Irish stand-up comedian and writer

Gráinne Maguire is an Irish stand-up comedian, writer and podcaster.

==Early career==
Maguire was a finalist in the 2007 Laughing Horse new act competition and a finalist in the 2008 Funny Women competition.

==Career==
At the Edinburgh Festival Fringe in 2016 Maguire had a show entitled Great people making great choices.
On the 2017 Edinburgh Fringe Maguire had her one woman show Gráinne with a Fada, as well as a panel show on at the Cabaret Voltaire entitled What Has The News Ever Done For Me? Maguire returned to the Edinburgh Fringe in 2018 performing at the Gilded Balloon with her show I forgive you, please like me.

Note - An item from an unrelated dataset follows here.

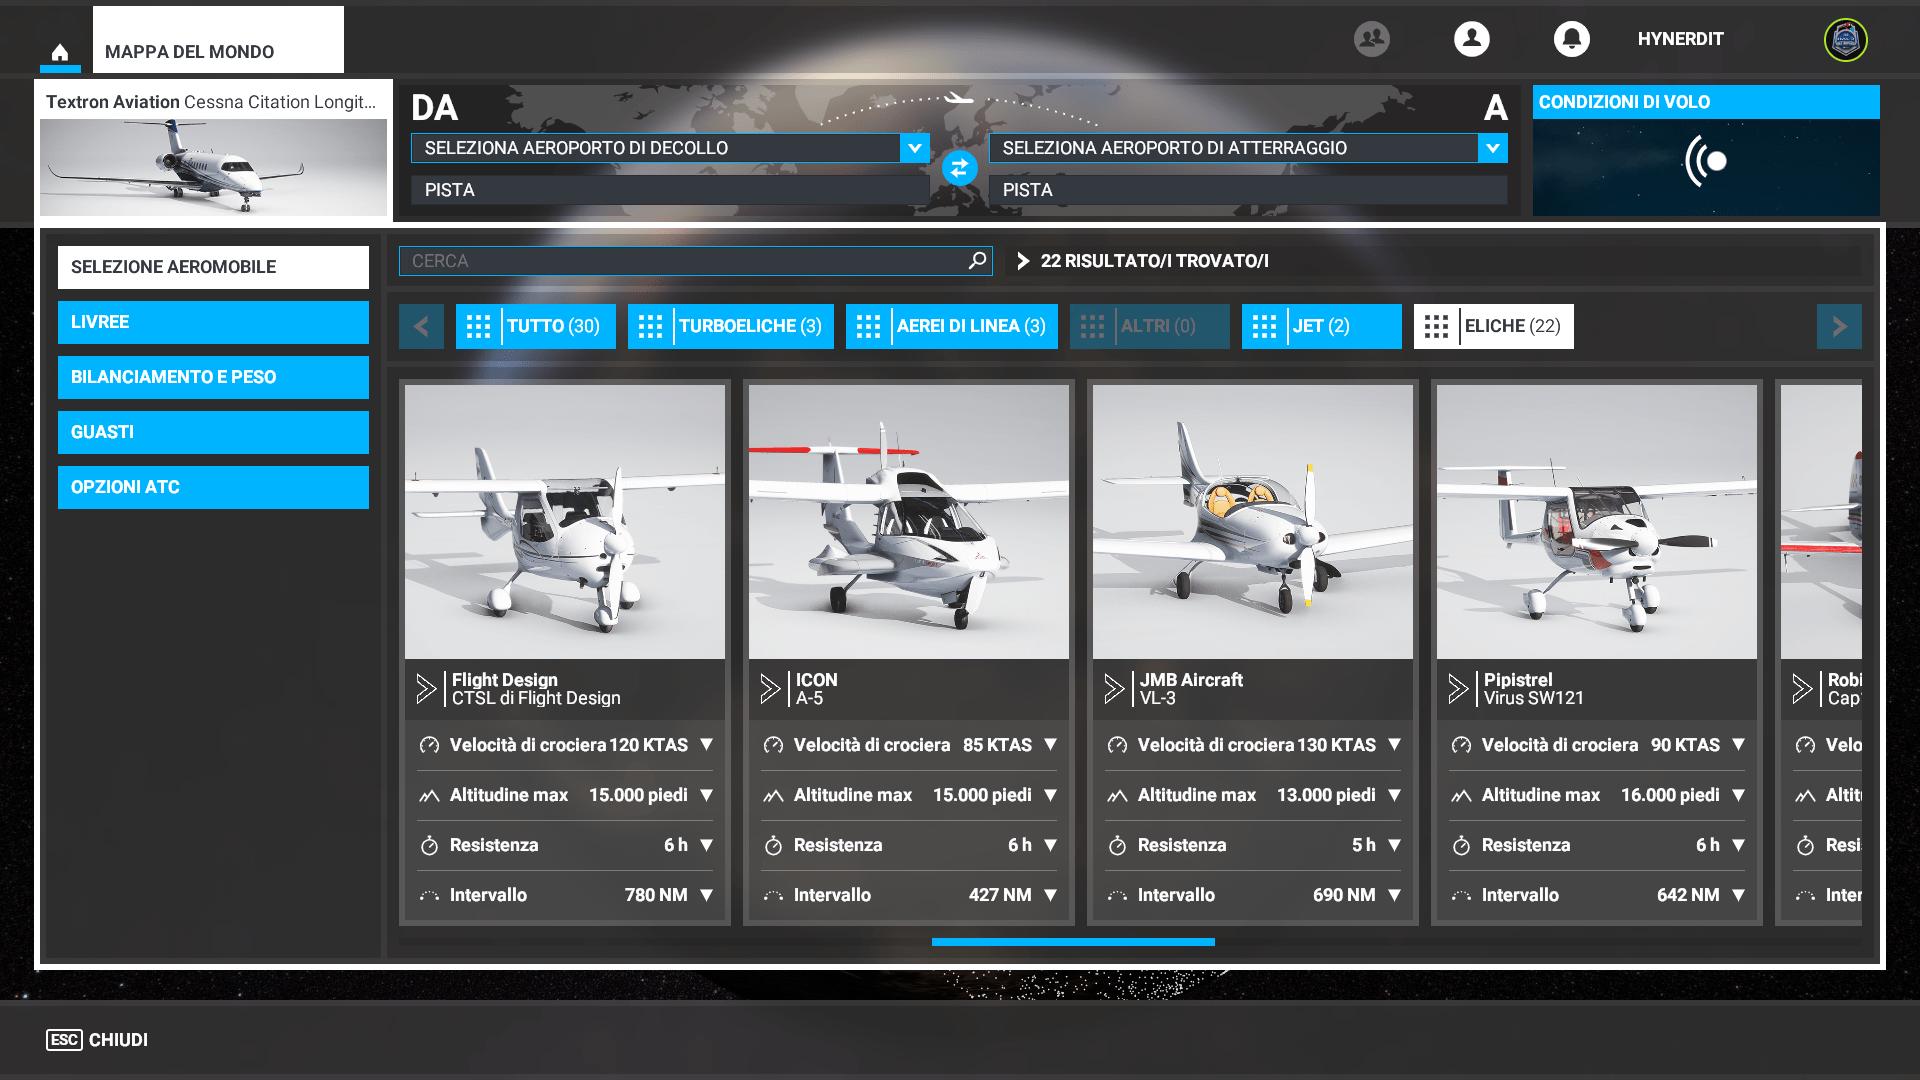 Microsoft Flight Simulator 2020: La Recensione 11 - Hynerd.it

Gráinne Maguire has appeared on BBC Radio 4 satirical comedy The Now Show, More Money Than Sense and Breaking The News as well as Stewart Lee’s The Alternative Comedy Experience.

Maguire has been a writer for comedy shows The News Quiz, Newsjack and Dead Ringers on BBC Radio 4 as well as television shows The Last Leg and 8 out of 10 Cats for Channel 4. Maguire has also written columns for The Guardian.

Maguire has been a panellist on the BBC 1 flagship debate show Question Time. Maguire has been a guest on BBC 2 programme Daily Politics, and BBC current affairs investigative programme Panorama. In 2018, with Marie Le Conte, Maguire produced 20 episodes of a podcast called Changing Politics. The podcast was funded by the think-tank Labour Together, and some of its content was scripted by its director Morgan McSweeney.

In March 2026, Maguire was confirmed to be part of the writing team for the first series of Saturday Night Live UK.

==Personal life==
Maguire was born in Ireland but now lives in London. A former Labour supporter, she opened at the Labour Party Conference for then leader Ed Miliband. In 2016 Maguire used Twitter to live-tweet her menstrual cycle to Taoiseach Enda Kenny in protest at Ireland’s abortion laws, the coverage of which appeared major international newspapers, and Maguire was interviewed on BBC Worldwide, and BBC World Service. Maguire has spoken of her respect for Michelle Obama.